▶ _DATA SECTION_
□ □ □ □ □

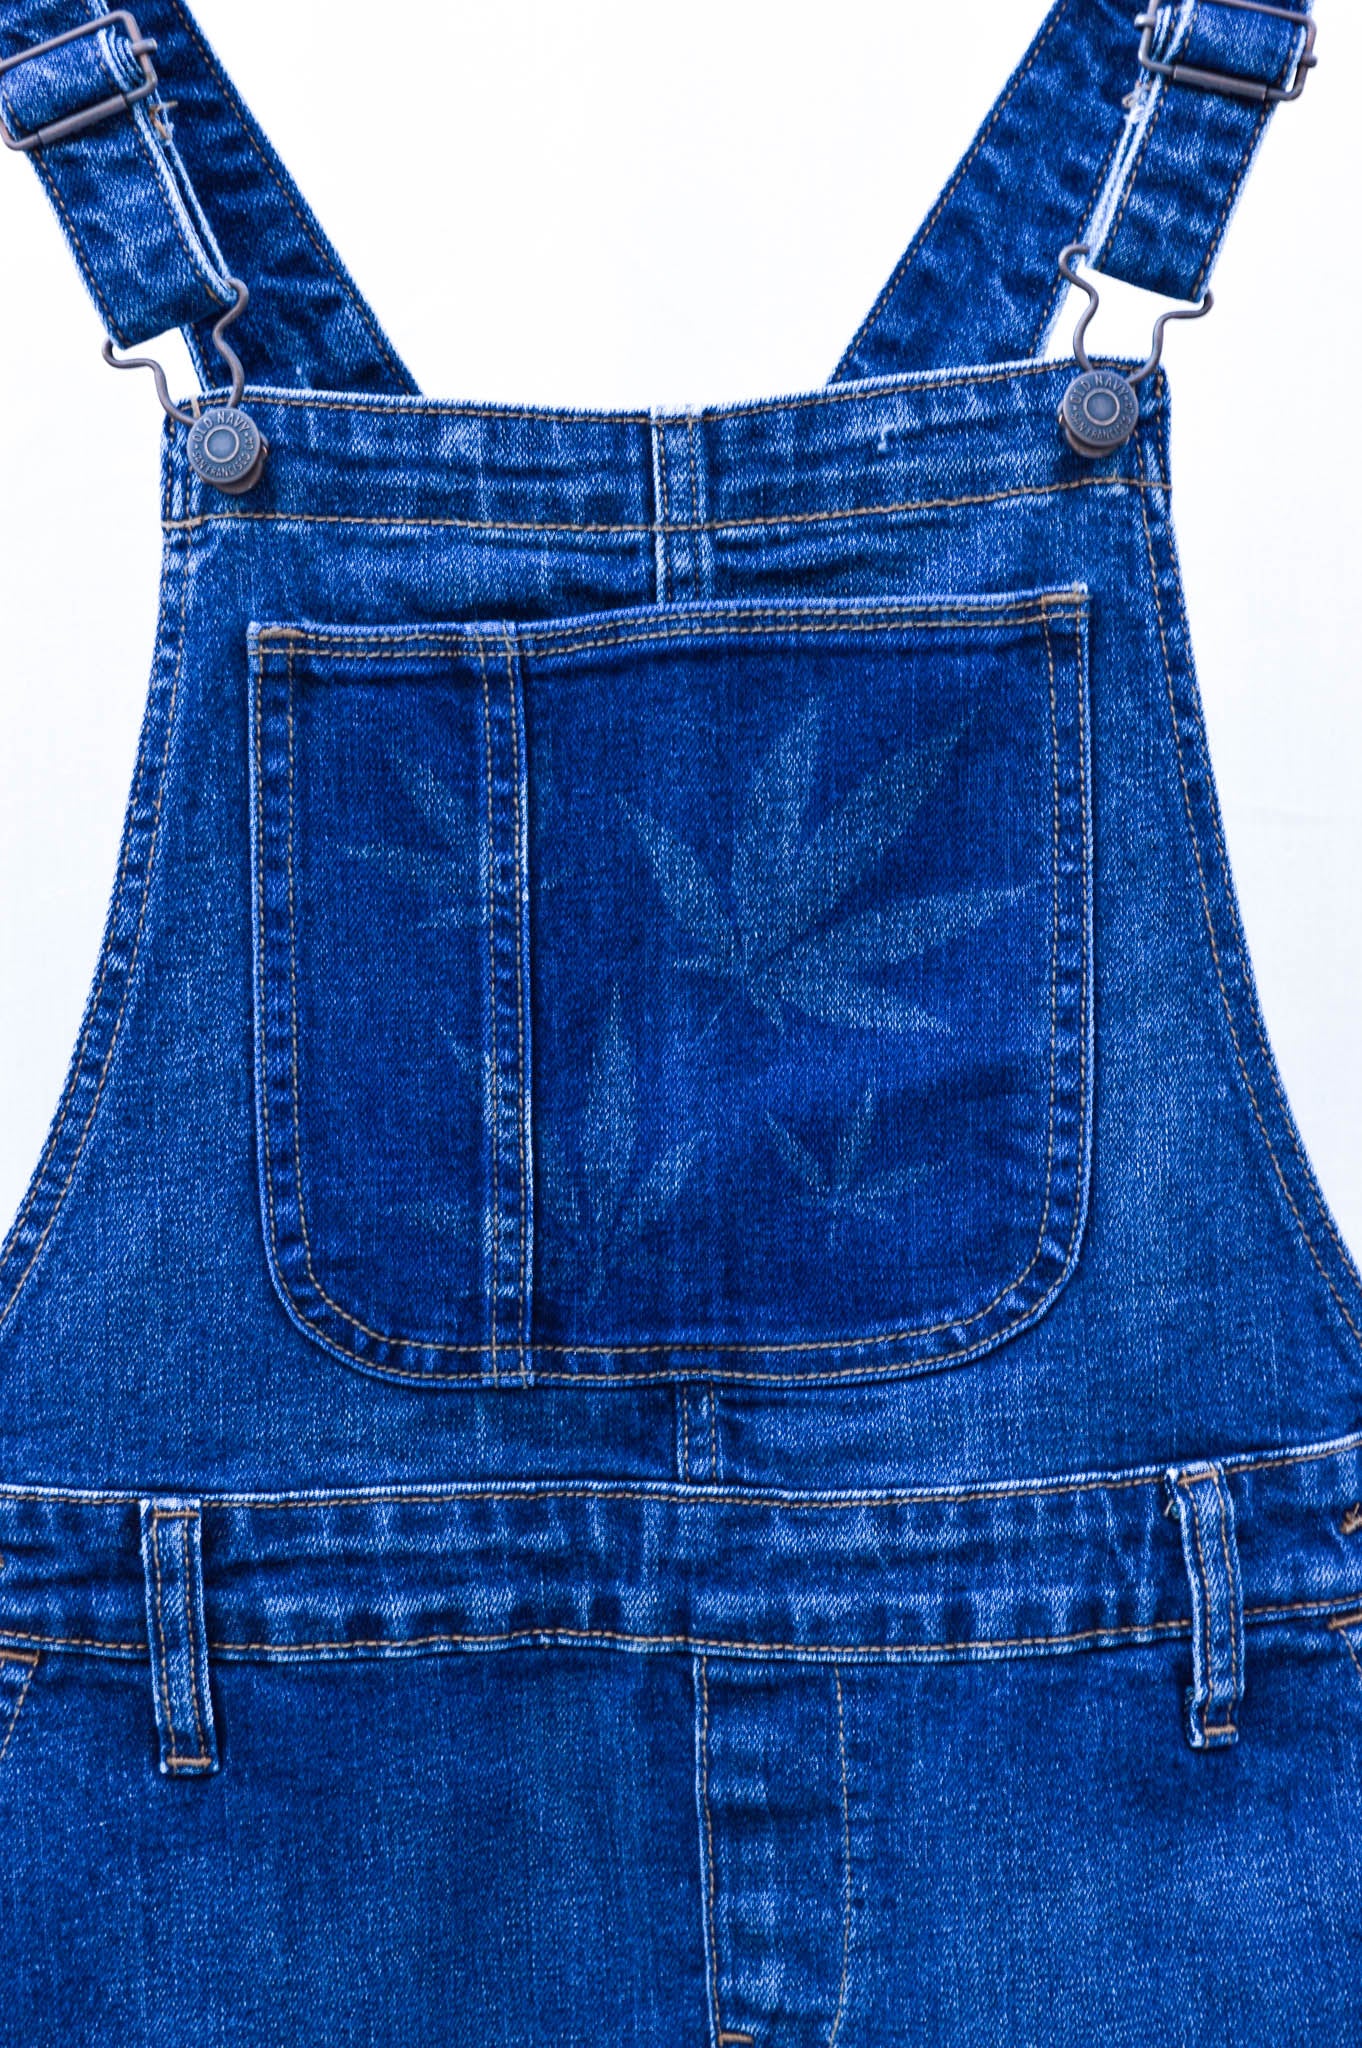 Women's Small Upcycled Denim Overalls
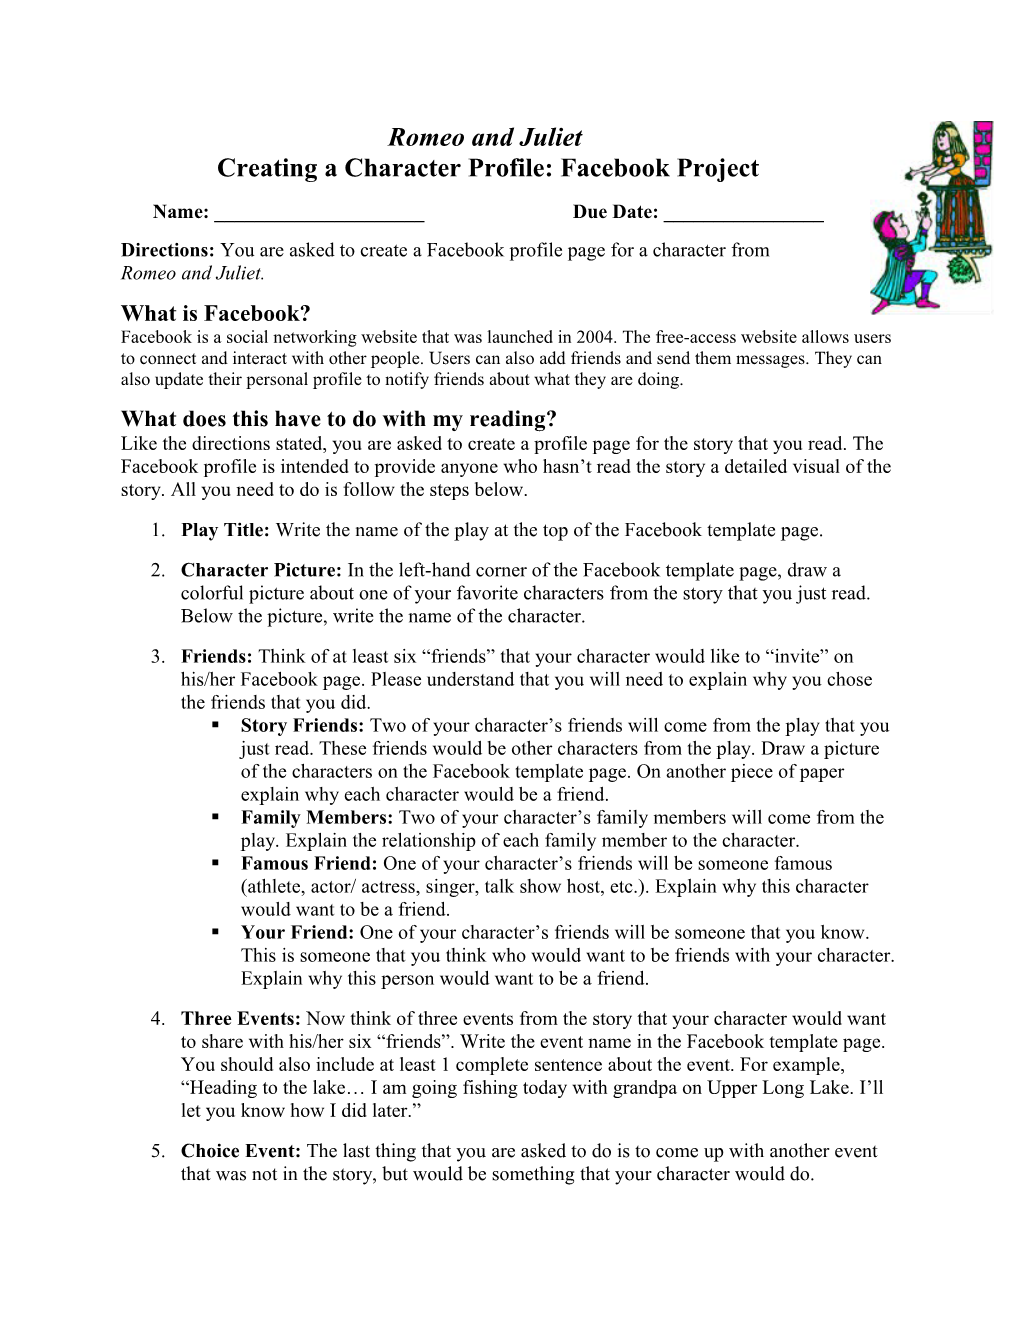 Creating a Character Profile: Facebook Project
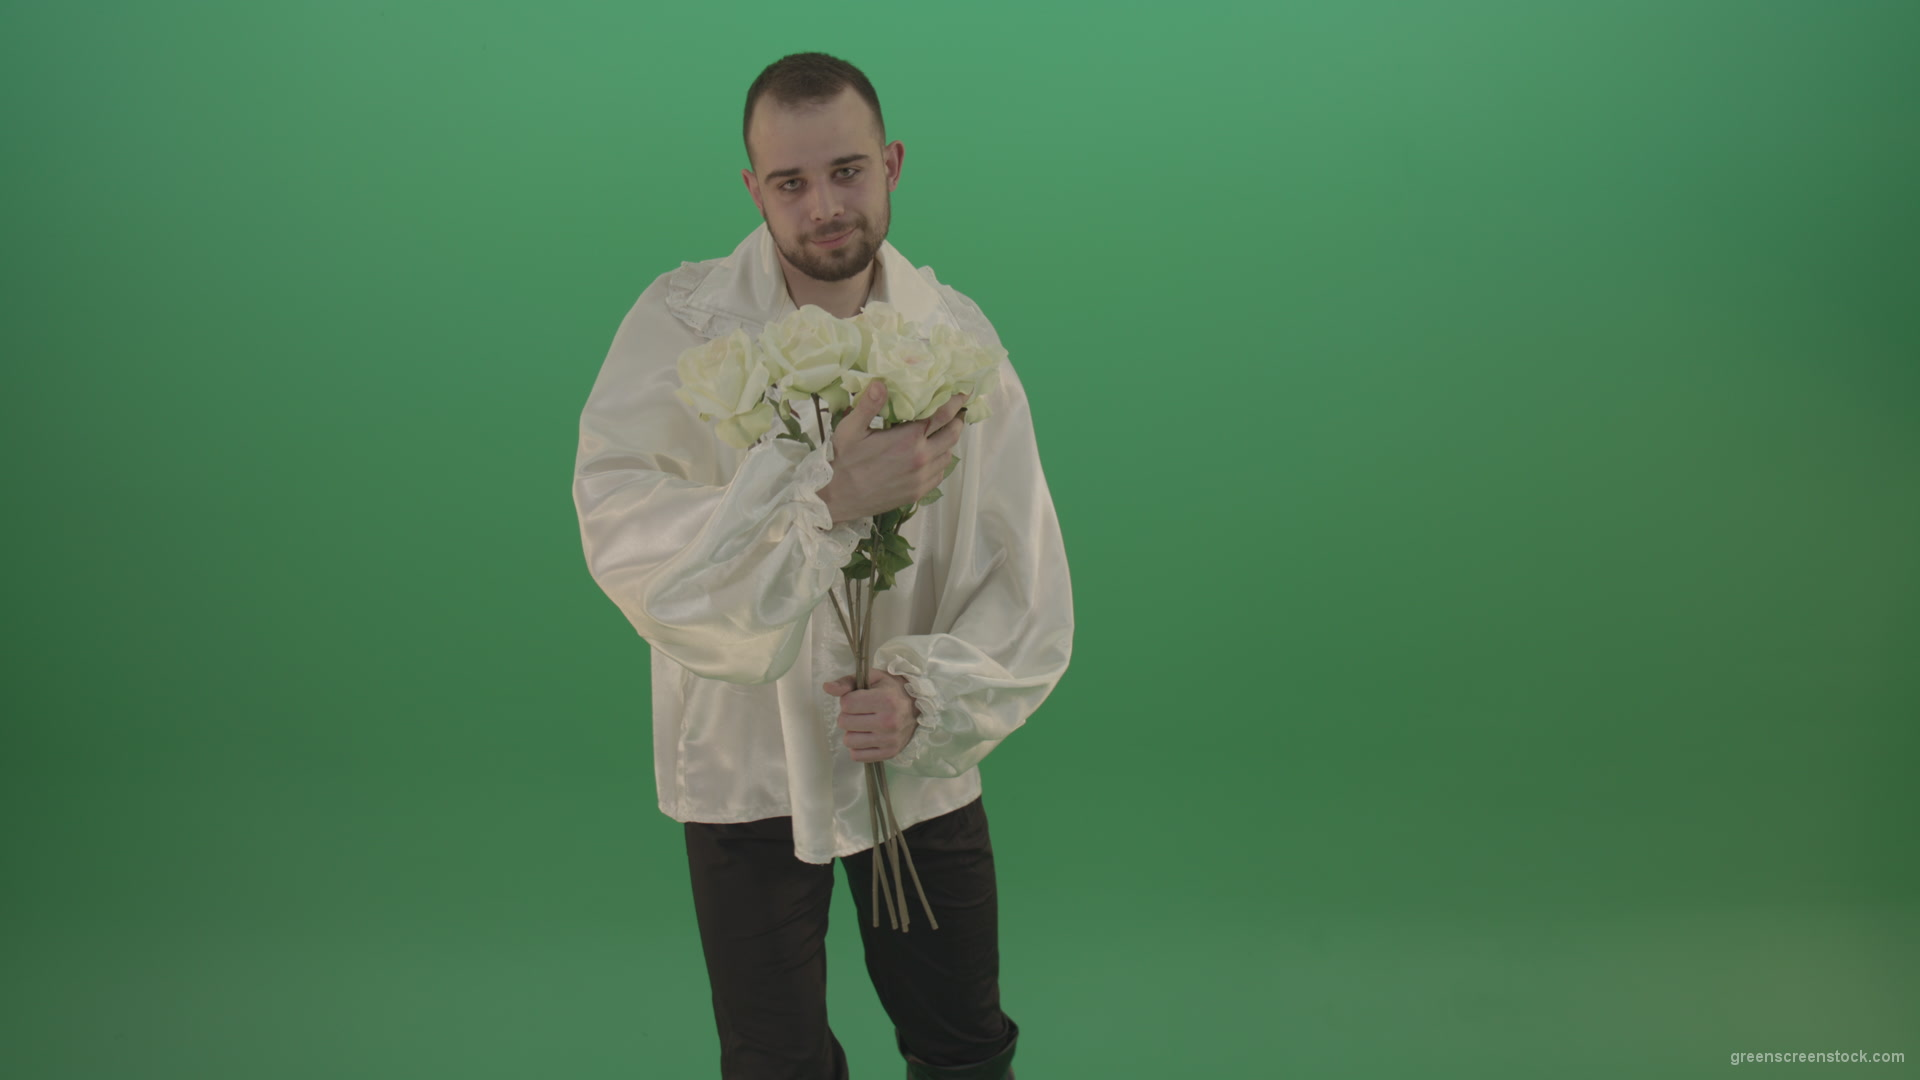 Middle-Age-theater-actor-boy-give-to-camera-White-flowers-isolated-on-green-background_006 Green Screen Stock
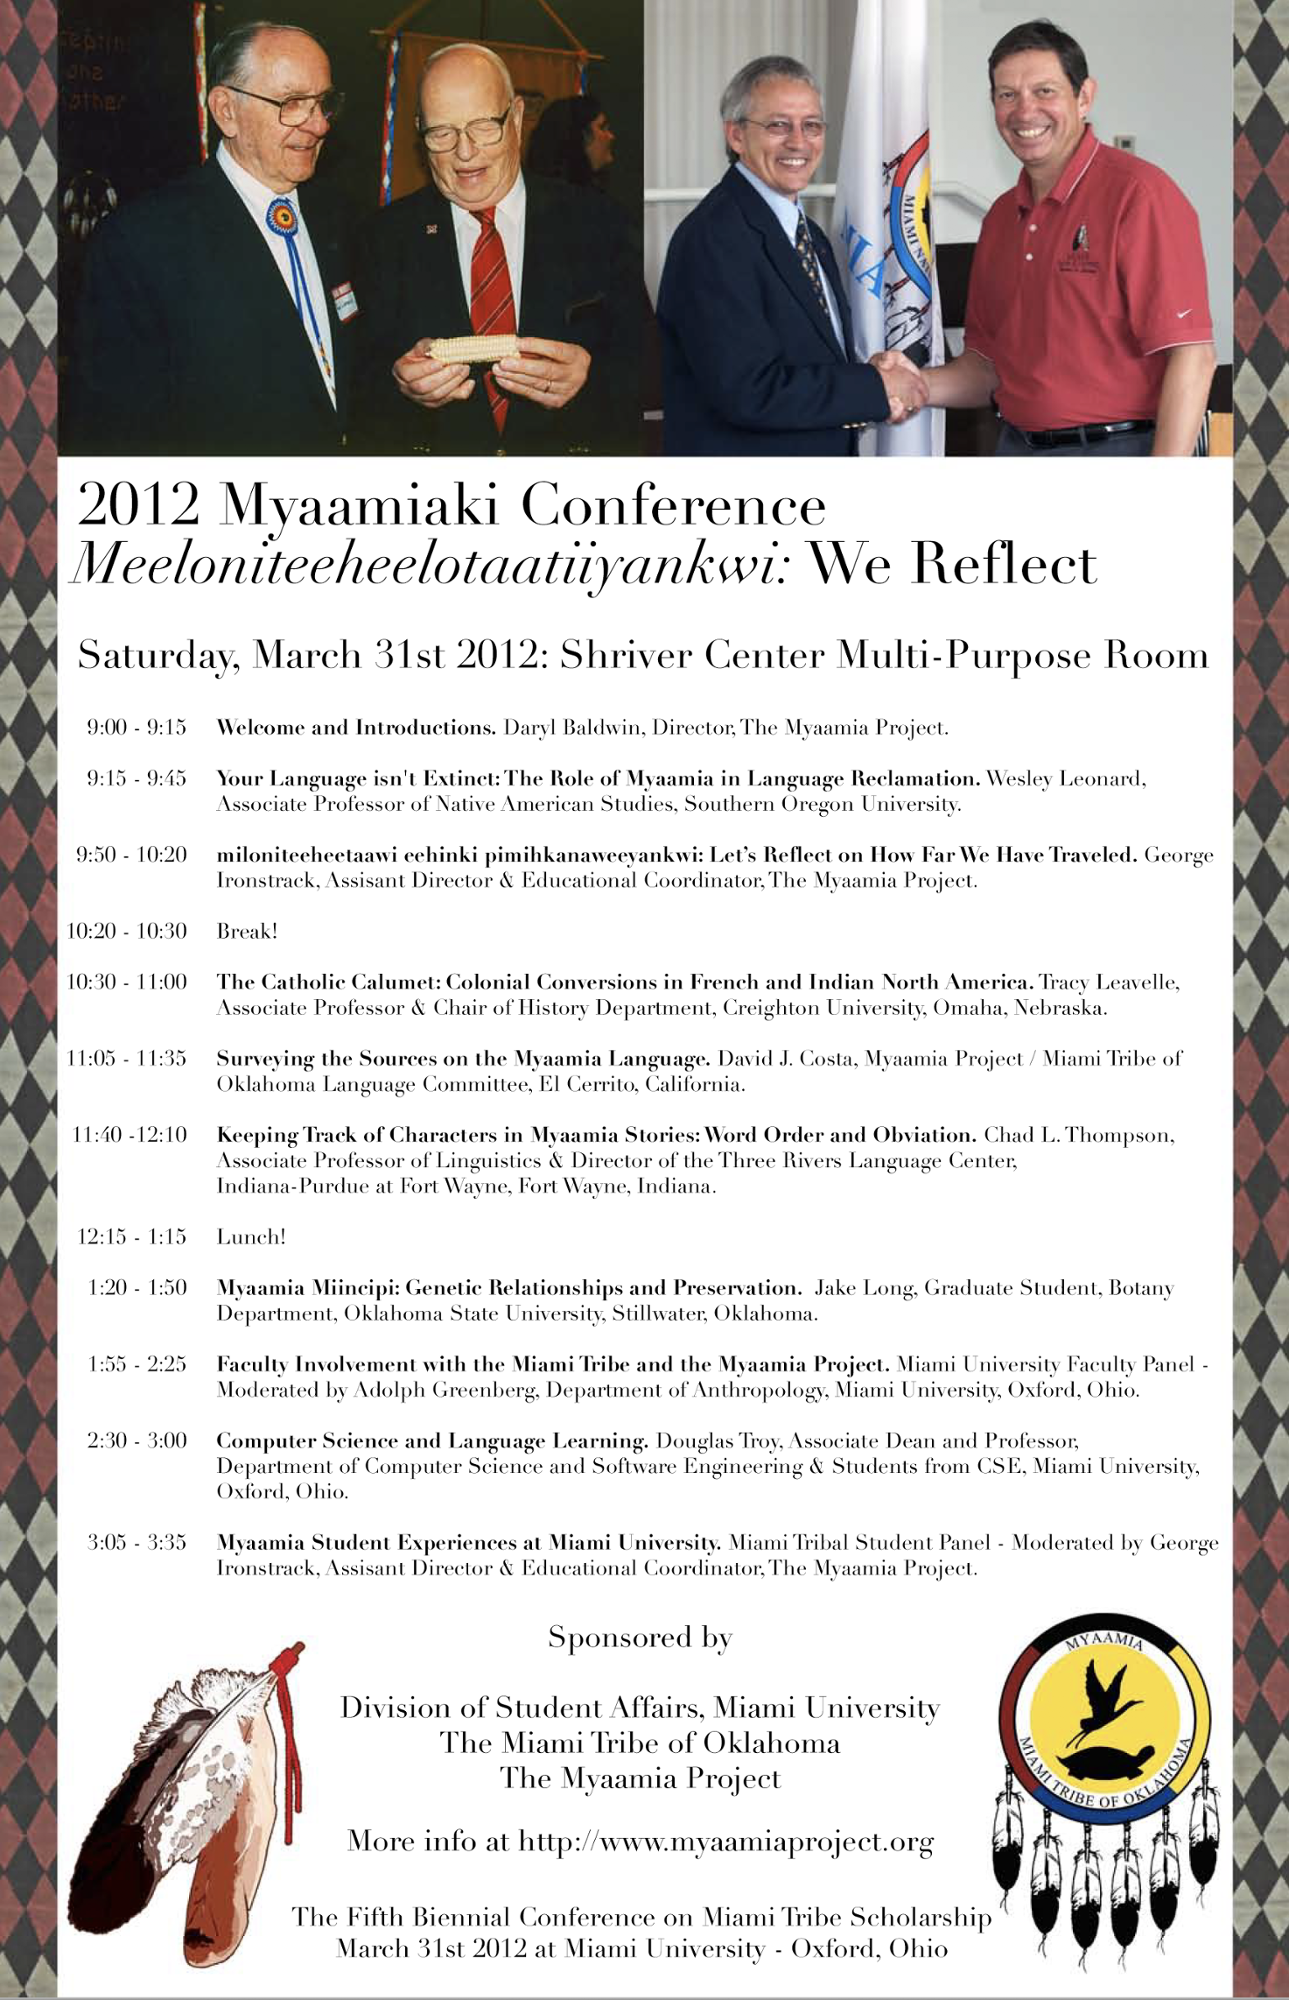 2012 Myaamiaki Conference Promotional Poster, including speakers, conference information, and theme.

□ □ □ □ □

▶ _AIM OF THE EXERCISE_
Reprint the whole listing above exactly, taking out the pictures.

▶ _EXERCISE SOLUTION_
 Women's Small Upcycled Denim Overalls
 Creating a Character Profile: Facebook Project
 Middle-Age-theater-actor-boy-give-to-camera-White-flowers-isolated-on-green-background_006 Green Screen Stock
 2012 Myaamiaki Conference Promotional Poster, including speakers, conference information, and theme.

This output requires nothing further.